News & Insights


The structural and secular case for investment in workforce housing

The United States’ residential sector is chronically underserved; since 2017, the nation has been experiencing a large and growing shortage of housing. In 2017, this shortage was an estimated 731,000 housing units, but as of 2020 has now grown to between 3.8 – 6.8 million units, according to Kingbird Analysis of Federal Reserve Board of St. Louis, US Census Bureau, ACS IPUMS, and CoStar Data, along with Freddie Mac Housing Supply: A Growing Deficit May 2021 and National Association of Realtors Housing is Critical Infrastructure: Social and Economic Benefits of Building More Housing June 2021. The lack of supply relative to demand in the US residential sector, specifically within the workforce housing segment, has created an ideal, fundamentals driven environment for investing in workforce housing.

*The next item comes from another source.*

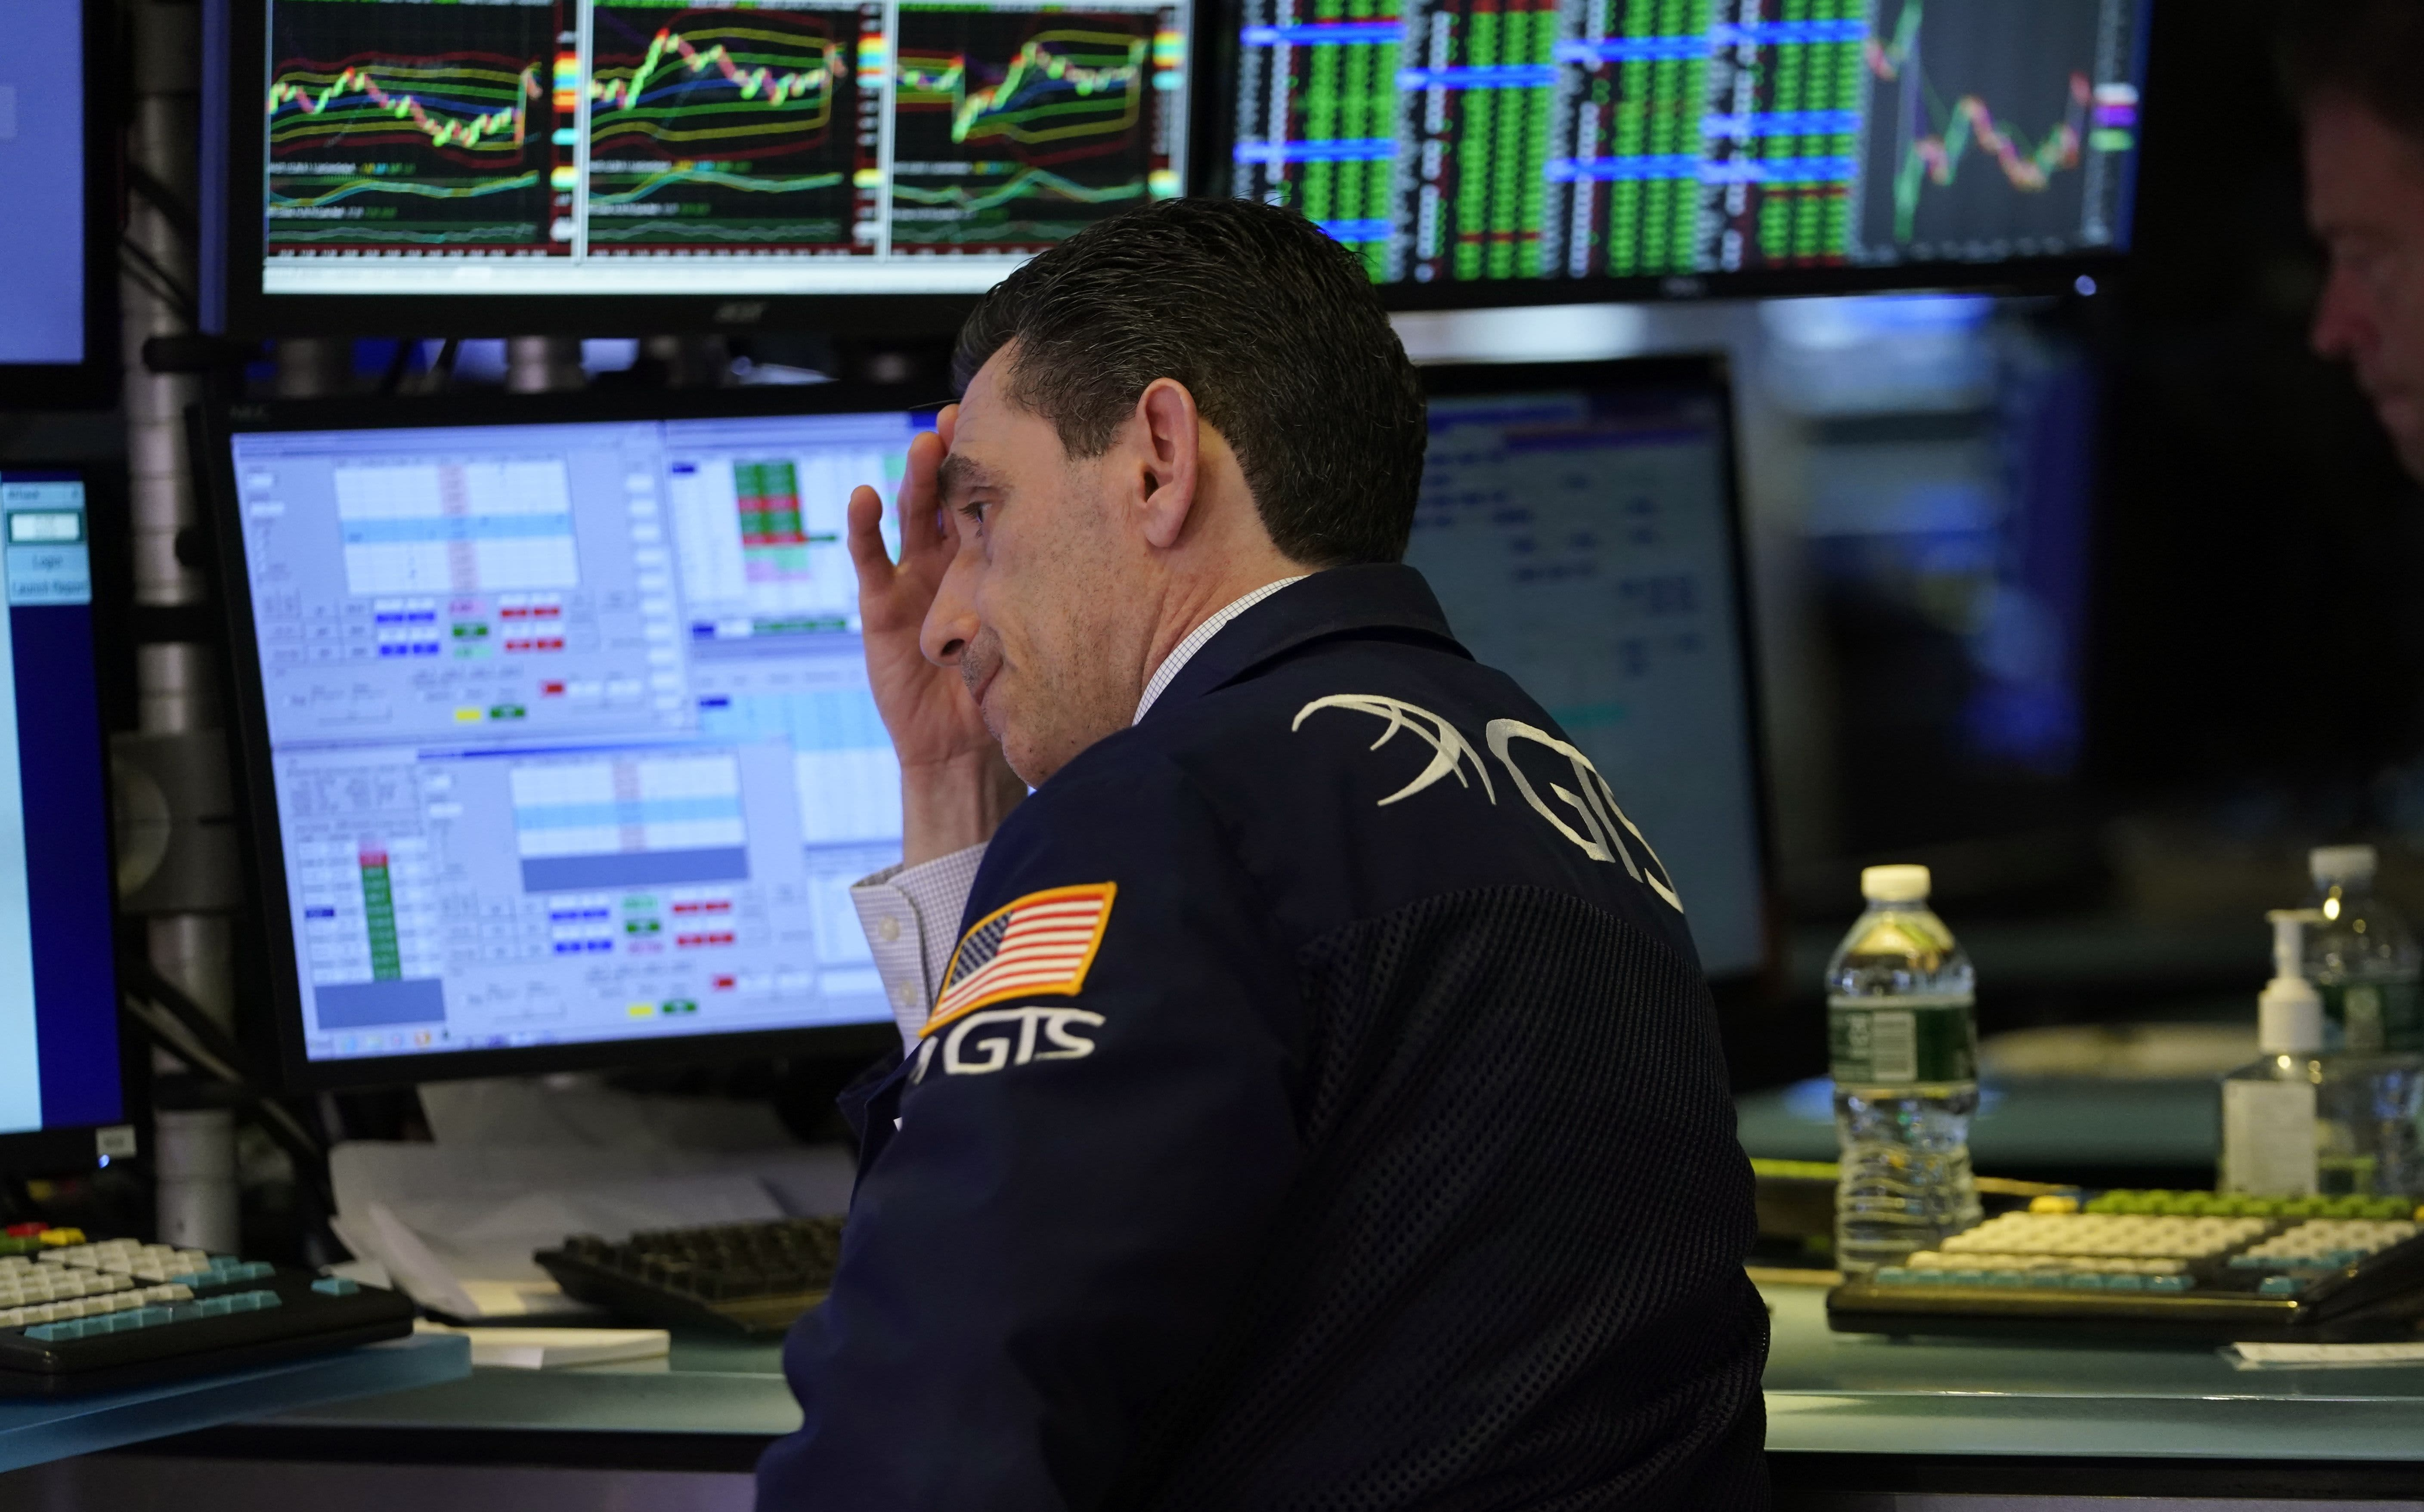 Goldman Sachs sees zero US economic growth as the coronavirus spreads

The undersupply of housing is particularly acute in the workforce housing sector

Among the groups most negatively affected by the housing gap is workforce households, those earning between $45,000 and $75,000 per year in household income. These households make up the largest group of renters, at 9.7 million, or 23.6% of total renter households, according to Kingbird Analysis of 2021 1-Year ACS PUMS Data. Despite this, the supply of housing affordable to this cohort is inadequate to their growing need.


The construction labor shortage and slow productivity growth are so acute it is preventing construction at some points

Residential construction employment has yet to recover from the Global Financial Crisis. Employment in the sector peaked at 1 million workers in 2006, then troughed at 528,000 in 2011. Only 921,700 were employed in the industry as of August 2022 – a similar employment level to July 2004, according to Kingbird Analysis of Federal Reserve Bank of St. Louis Data. As a result, an estimated 70% of construction firms have difficulty finding qualified employees, per Exhibit 11.


Construction costs outpace inflation, undermining housing supply

Pricing and demand have an inverse relationship, all else being equal; as costs rise, demand falls. This has been especially true in the construction sector. Since 2017, costs associated with building new housing rose faster than general inflation, as shown in Exhibit 9. These dynamics limit the ability of developers to construct moderately priced product. Increased costs can also halt new construction altogether, on occasion, as projects become unprofitable to continue.


The unintended consequences of pervasive zoning, land use, and environmental regulations in perpetuating the housing shortage

Increasingly stringent local zoning, land use, and environmental laws and regulations are arguably the most significant headwinds adversely impacting housing production. State and local regulations impose significant risk elements and unproductive costs and serve to limit not only where new housing can be developed, but also constrain the asset class, product type, density, material, and style of new developments.


The chronic housing shortage: Understanding the structural market drivers of the undersupply

New housing supply (i.e., net housing deliveries) is the completion of new housing units, less demolished and newly uninhabitable units. A housing unit is any form of housing accommodation, such as an apartment, townhome, single-family home, condominium, or mobile home. Housing supply has two sources: 1) private construction, or non-governmental enterprises, which makes up 98.5% of new construction spending; and 2) public construction, or government funded construction, which is just 1.5% of construction spending. This White Paper will focus on private construction due to its prevalence as the primary source of new supply.